The Yiddish Book Center's

Wexler Oral History Project

A growing collection of in-depth interviews with people of all ages and backgrounds, whose stories about the legacy and changing nature of Yiddish language and culture offer a rich and complex chronicle of Jewish identity.

Susan Bloch Leach's Oral History

Susan Bloch Leach, granddaughter of Yiddish writer Solomon Simon, was interviewed by Christa Whitney on May 25, 2017 in Huntington, Long Island, NY. Simon, her zeyde [grandfather] died when Susan was six years old, so she knows him mostly from his books and from others' descriptions of him. He had a strong personality and was a dentist; one of her few memories is that he was missing fingers from holding X-ray films in patients' mouths. She vaguely remembers him leading large family seders, and that he smelled like cigars and Juicy Fruit gum. Susan recalls being read his children's stories about Chelm when she was a child; she in turn read those stories to her children.
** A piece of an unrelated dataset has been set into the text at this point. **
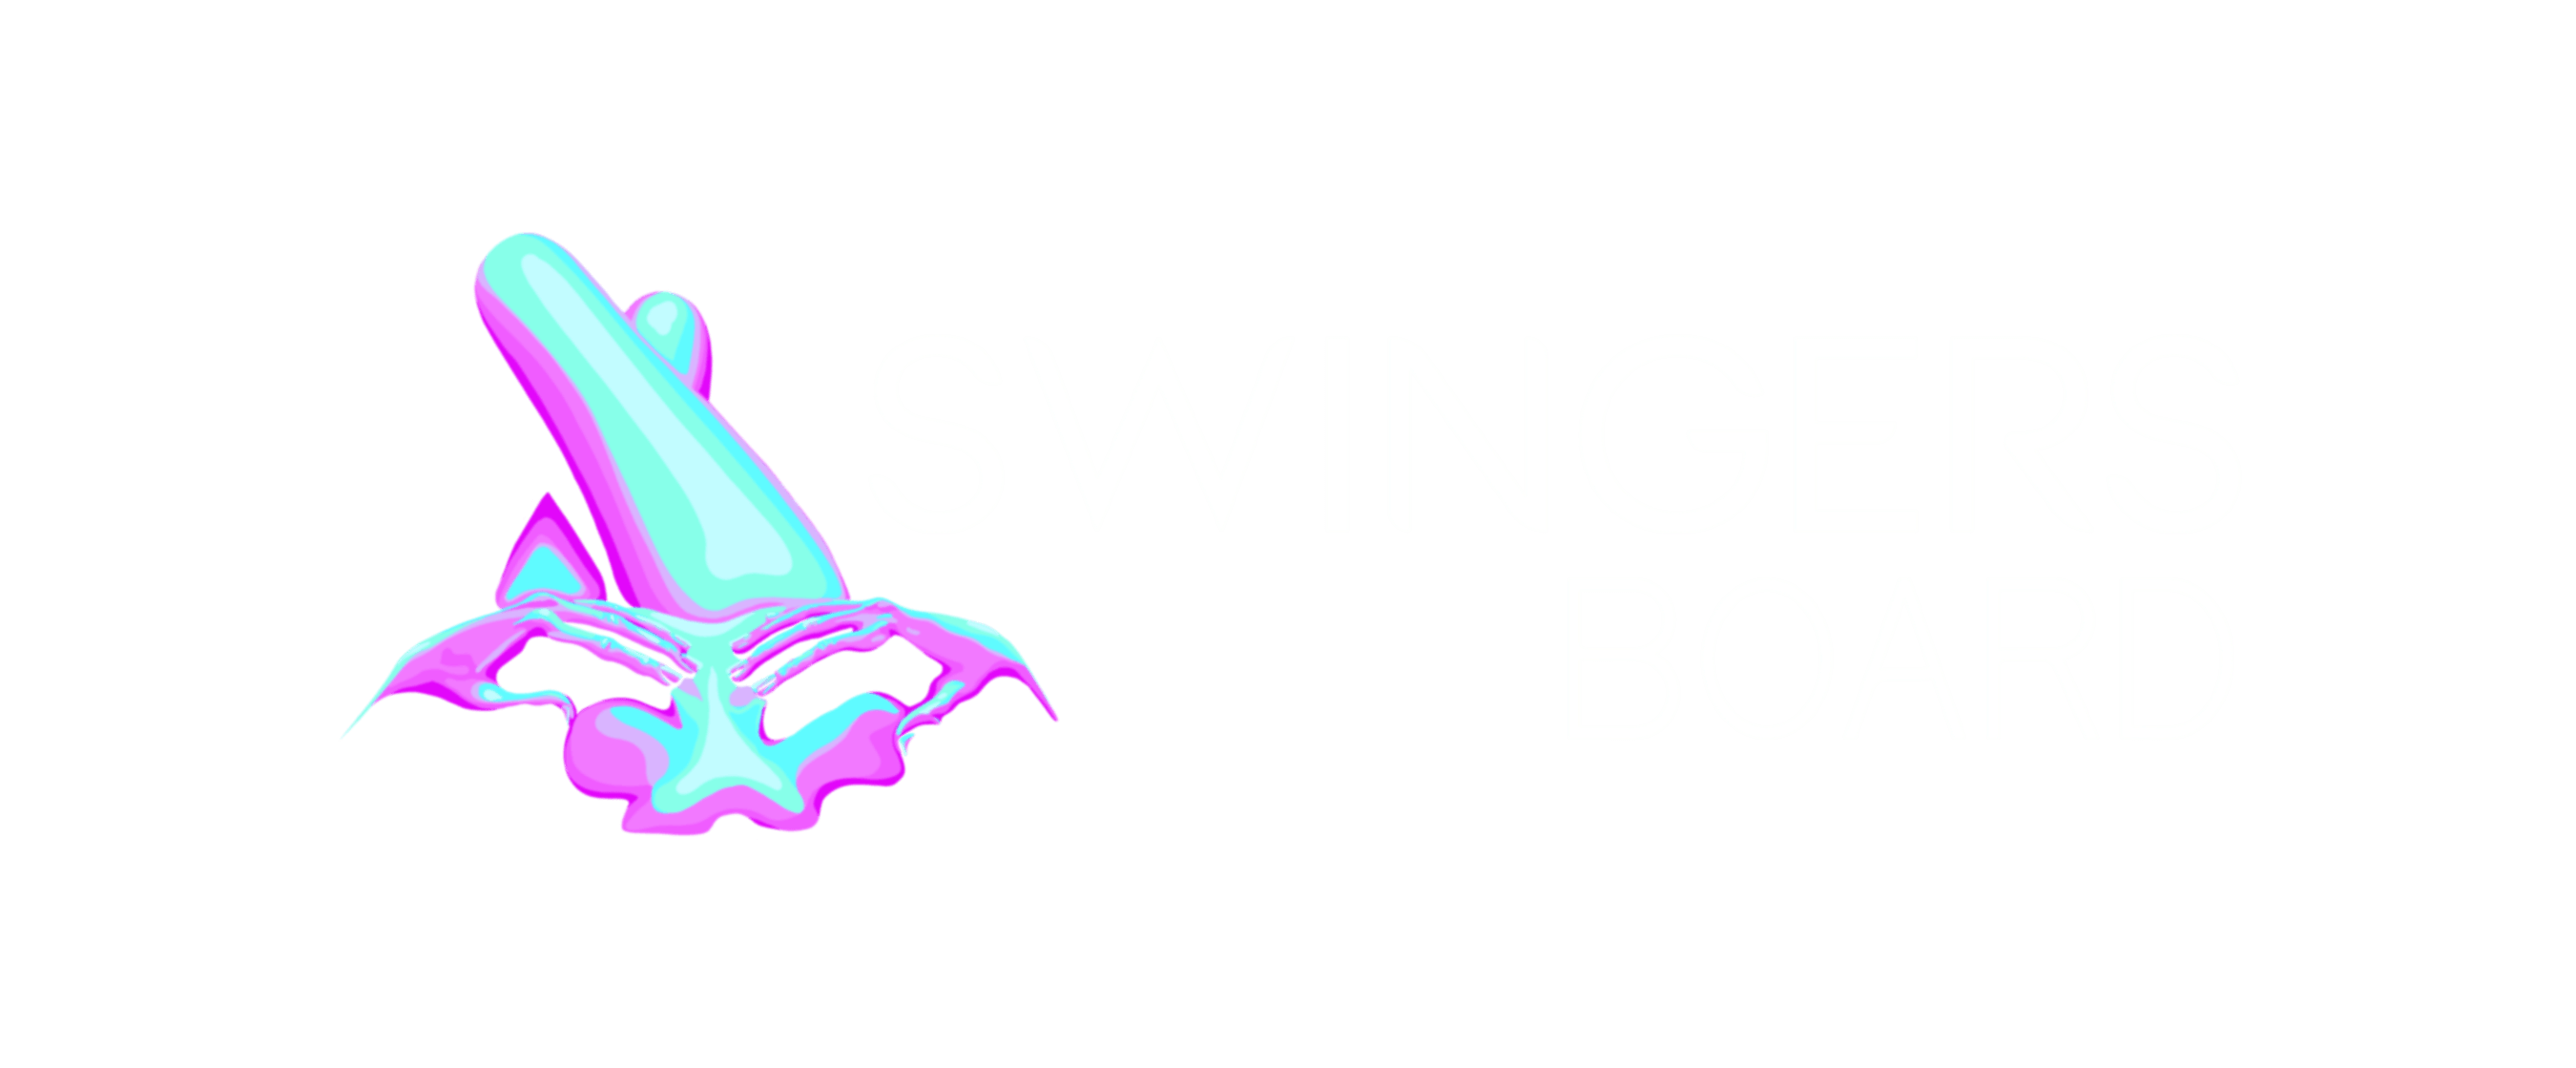 group booking number 🌈🌌𝟏𝟖𝟖𝟖😳𝟕𝟏𝟎😳𝟖𝟏𝟒𝟔🌈🌌 delta airlines date change number - Curious About Swinging? - Swingers Board
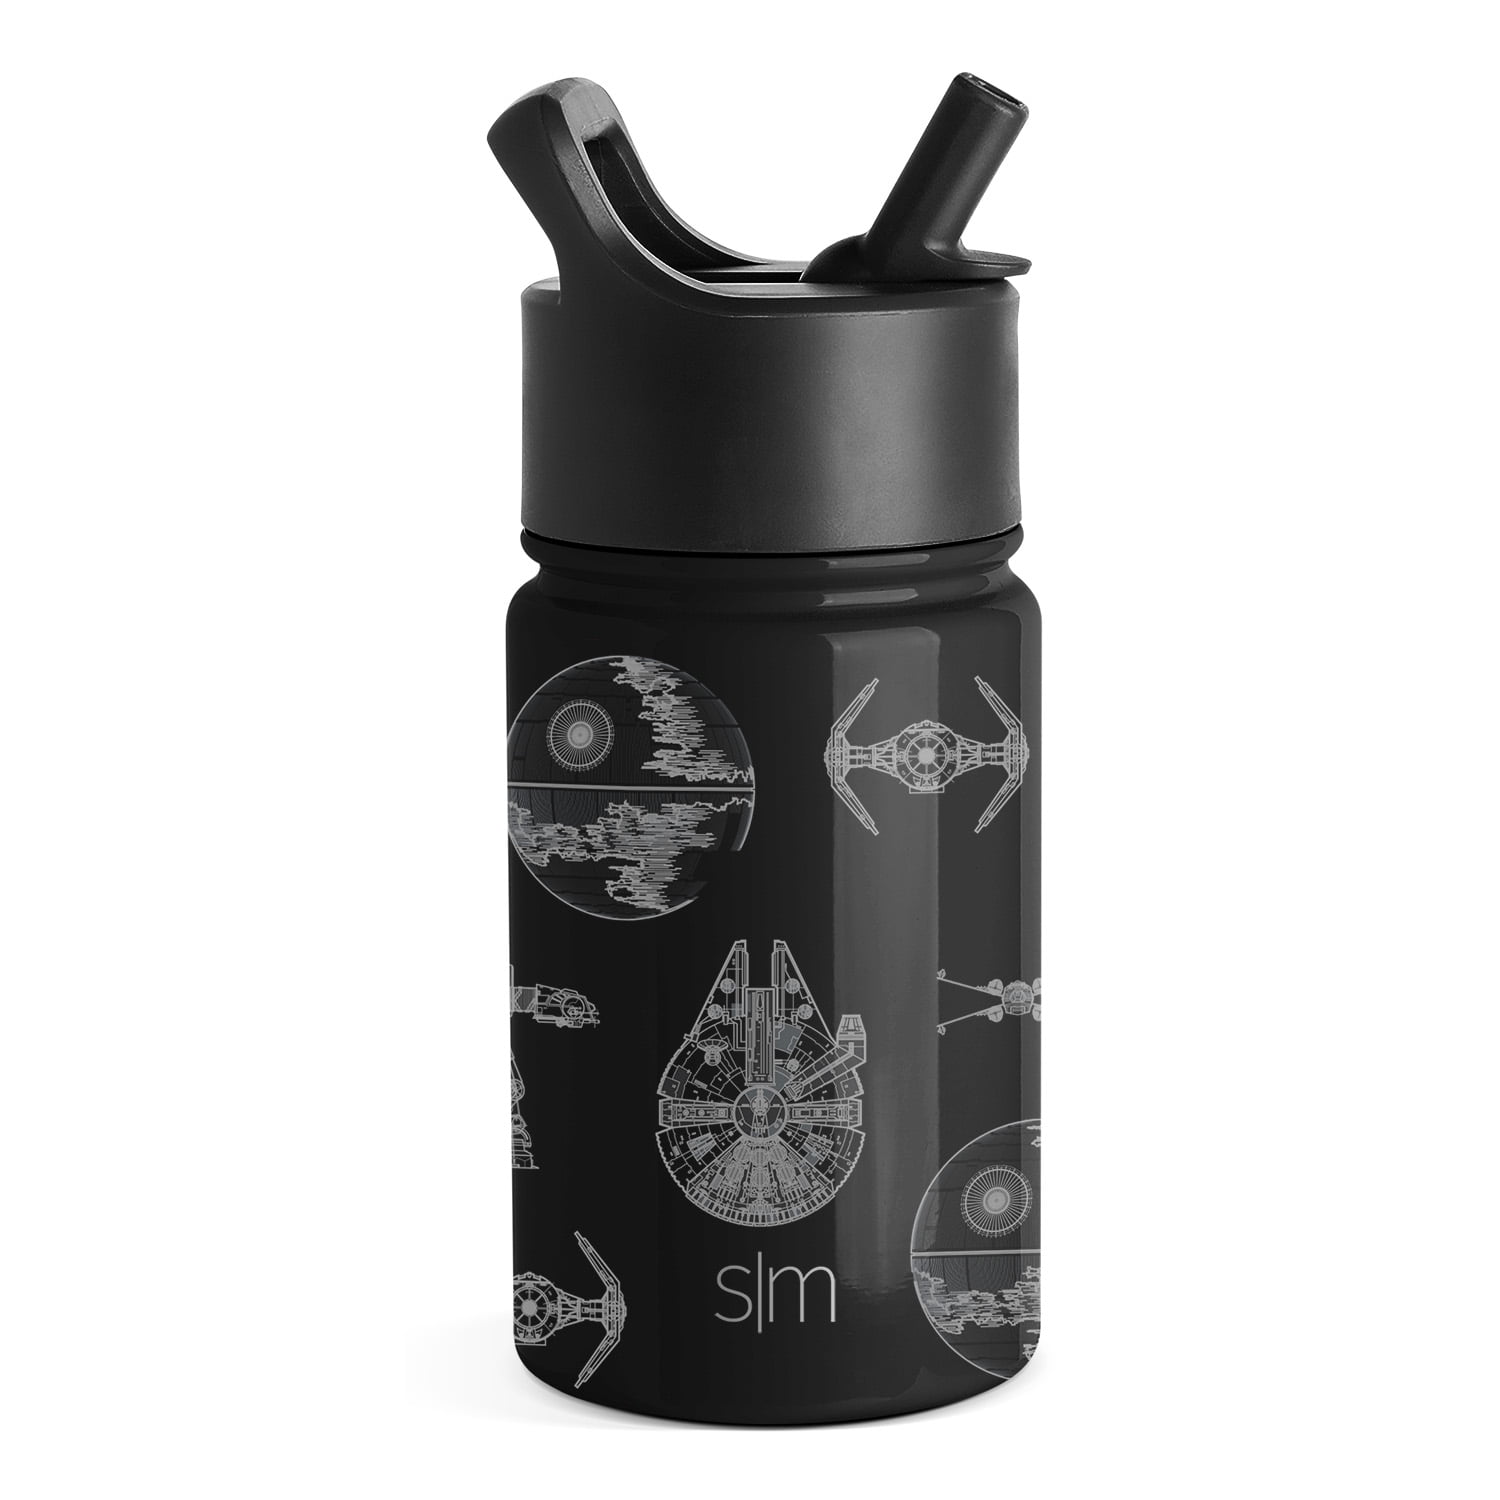 Grogu Stainless Steel Water Bottle with Built-In Straw – Star Wars

She and her cousins each get a small royalty check every year, as his books are still sold today. She believes that his works are still read because they remind people of their roots. Susan can understand some Yiddish which she learned from her bobe [grandmother] and from attending a Sholem Aleichem shule and Camp Boiberik, but she can't read the language. She was close to her grandmother; she was allowed to fly down to Miami Beach on her own to visit. She was a wonderful baker and taught Susan how to bake blintzes and honey cake. She could be irritable, judgmental, and caustic, but there was a sweetness underneath. Susan describes Camp Boiberik. She started attending at age nine. Her zeyde would give lectures to the adults and her bobe continued staying on the guest-side all summer before he died. The camp was Yiddishist and socialist and she remembers the "Felker Yontef" [Holiday of Nations] ceremony at summer's end and Shabbos services. Susan is involved in yoga now and is often at the Omega Institute in Rhinebeck, NY, which is on the site where Boiberik used to be. She assumes that she is one of the few who experienced both incarnations, and comments that the yogis wear "whites", just like the campers did for Shabbos. Susan has become more in touch with her spiritual side through her yoga practice and has learned about the similarities among religions, including Judaism. She muses about the connection between her zeyde, herself, and her children and feels that we live on through our DNA and, in the case of writers, through our ideas on the page. She attributes some of her creativity and writing skills to him. Susan, who is a photographer, has catalogued the family photos. She thanks the interviewer for preserving people's memories through the Wexler Oral History Project.

This interview was conducted in English.